Supplied data
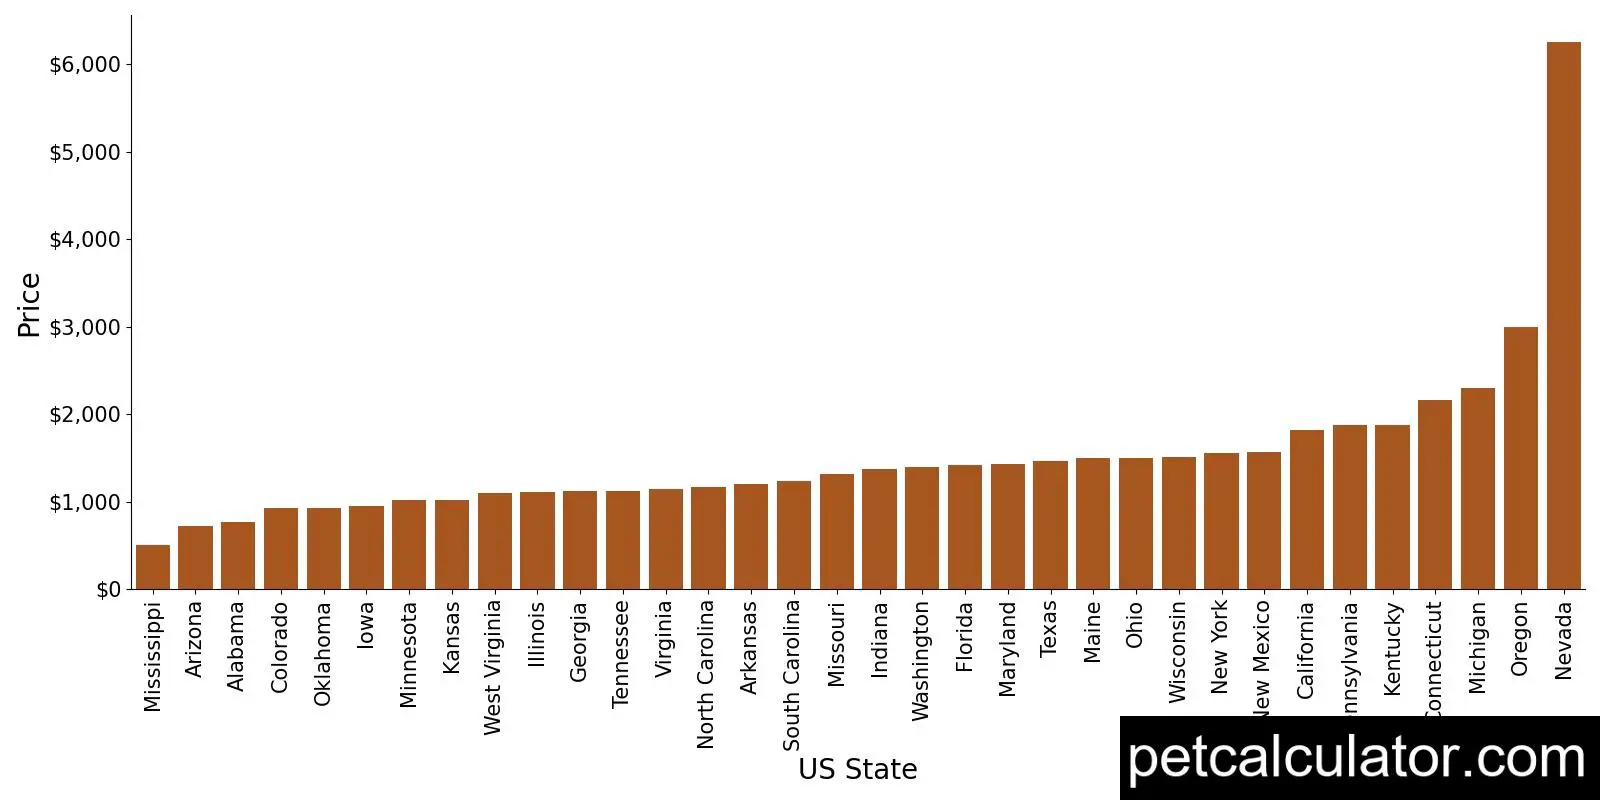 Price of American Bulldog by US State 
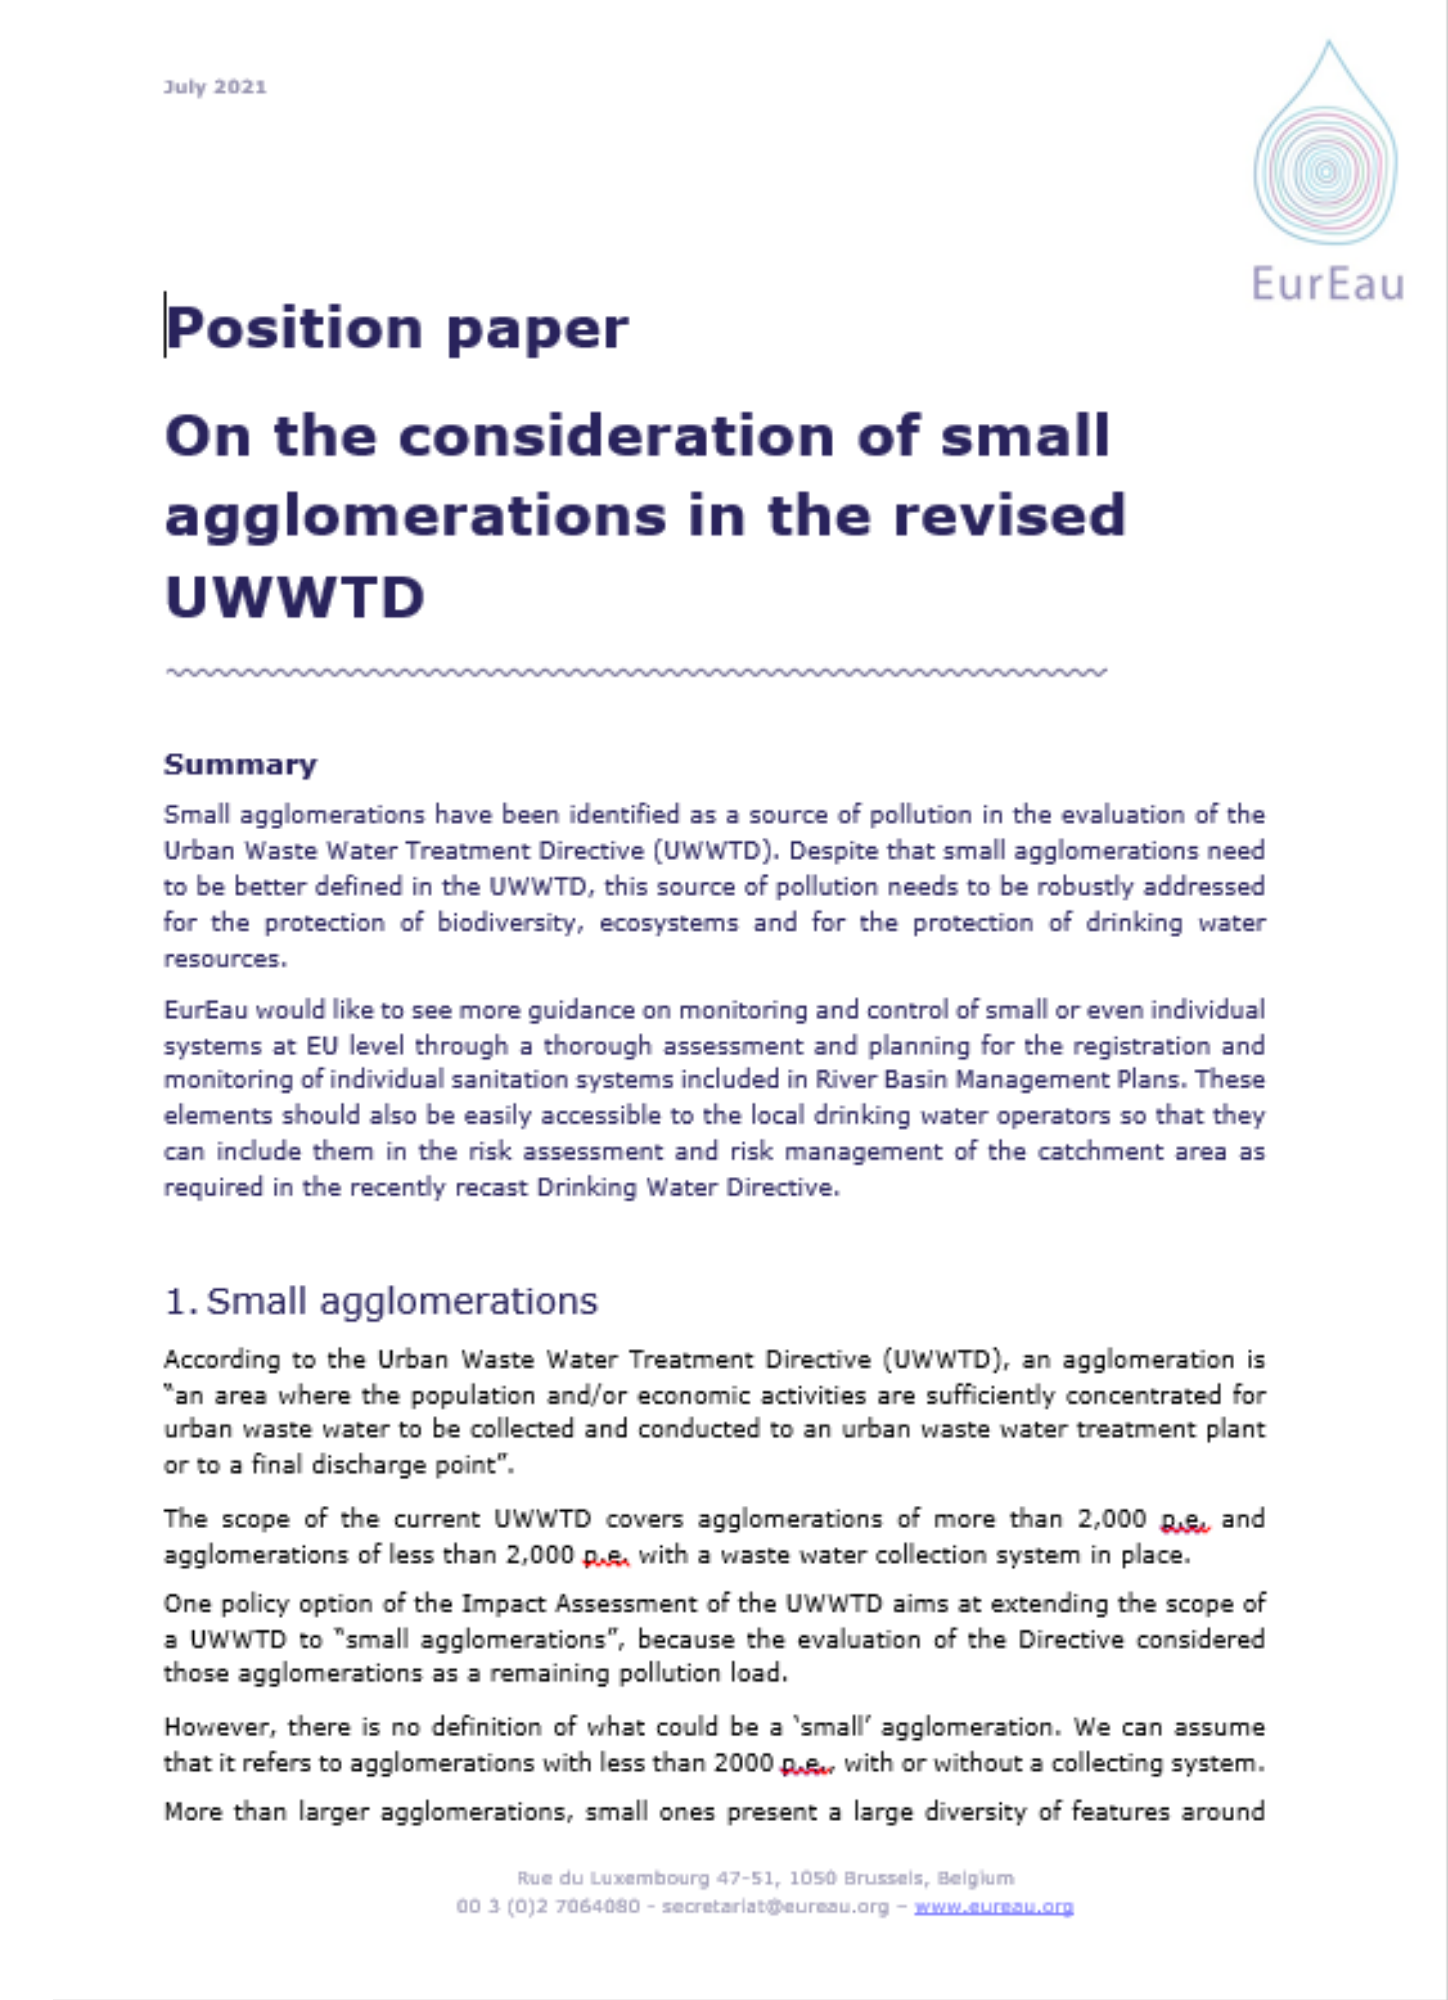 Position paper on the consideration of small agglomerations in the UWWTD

* * *

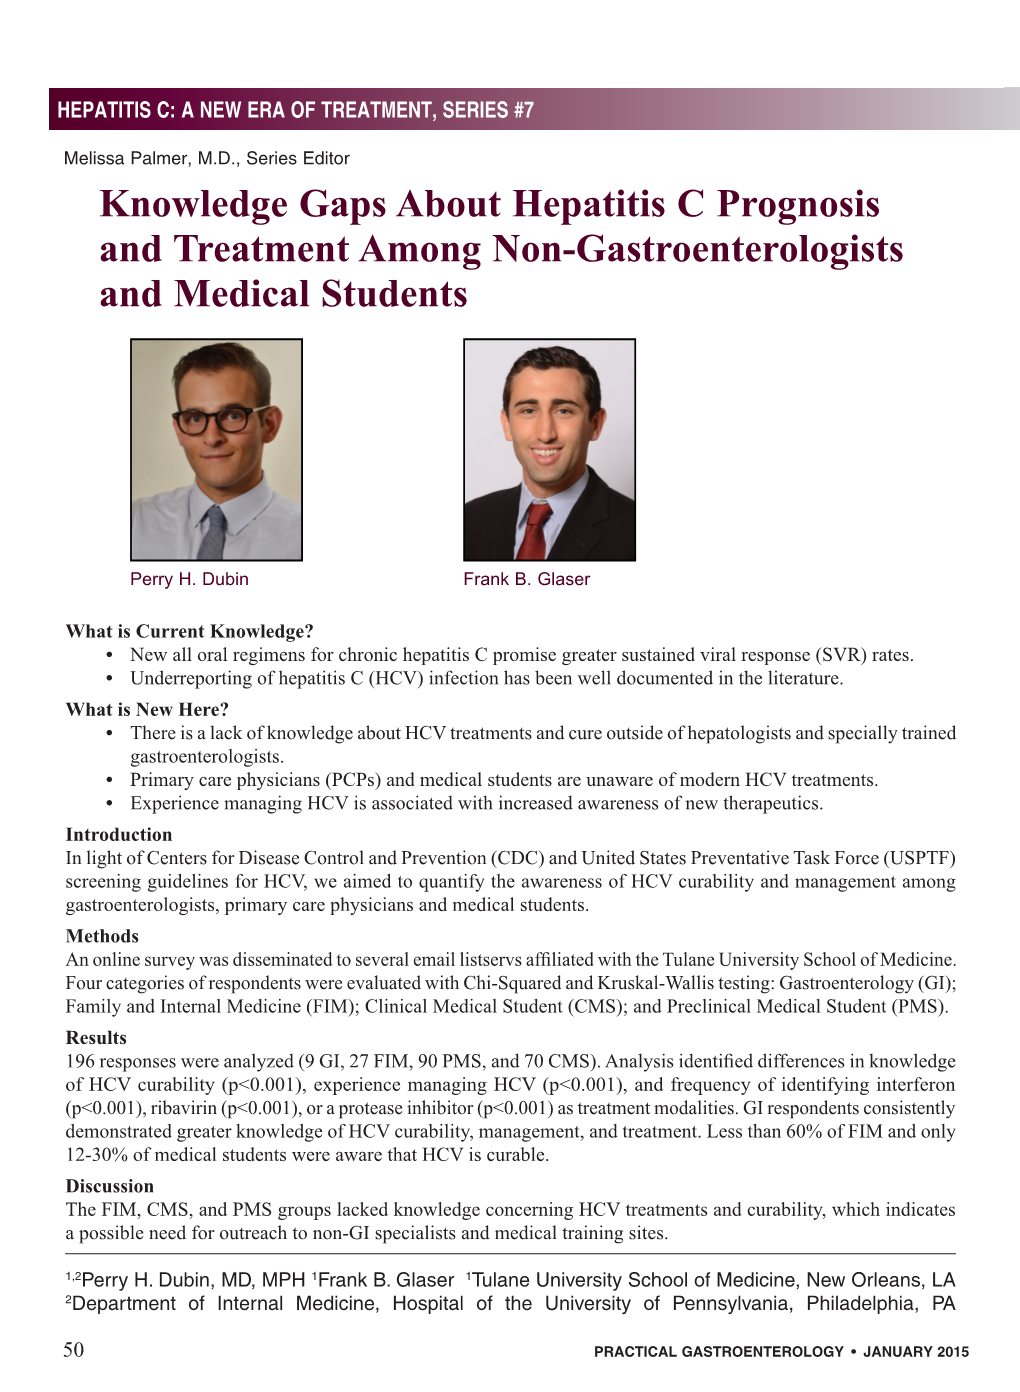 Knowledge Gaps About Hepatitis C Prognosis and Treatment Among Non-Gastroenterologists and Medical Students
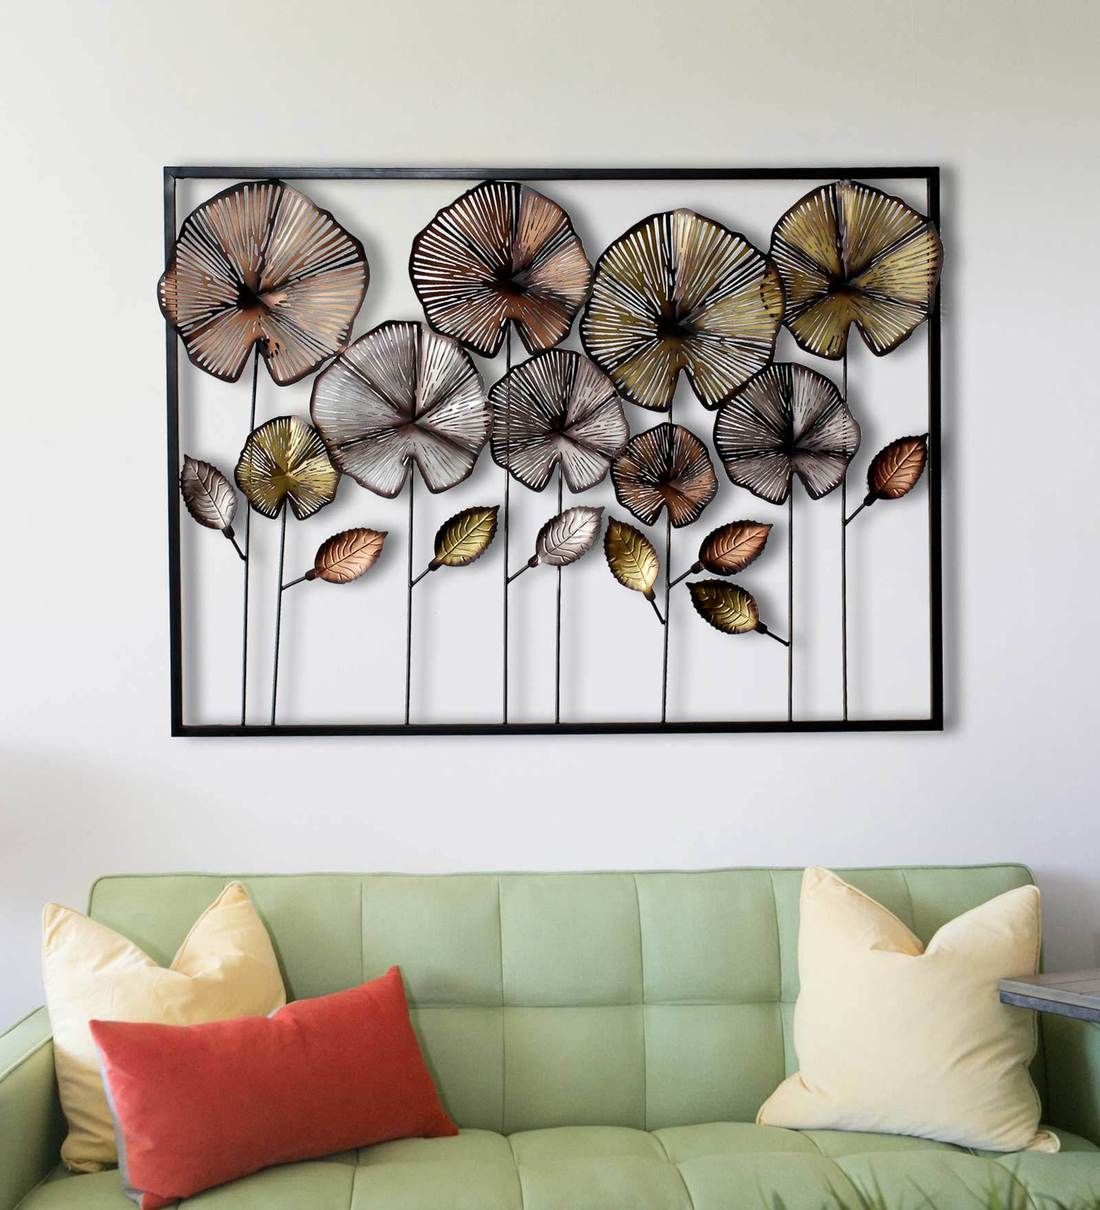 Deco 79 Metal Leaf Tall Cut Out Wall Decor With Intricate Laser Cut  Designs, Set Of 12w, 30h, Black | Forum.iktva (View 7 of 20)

Problem to work on
Look above for the line with "Price of American Bulldog by US State" and the line with "Position paper on"; set down those two lines and all lines between them exactly, without pictures and without anything else.

Answer to the problem
 Price of American Bulldog by US State 
 Position paper on the consideration of small agglomerations in the UWWTD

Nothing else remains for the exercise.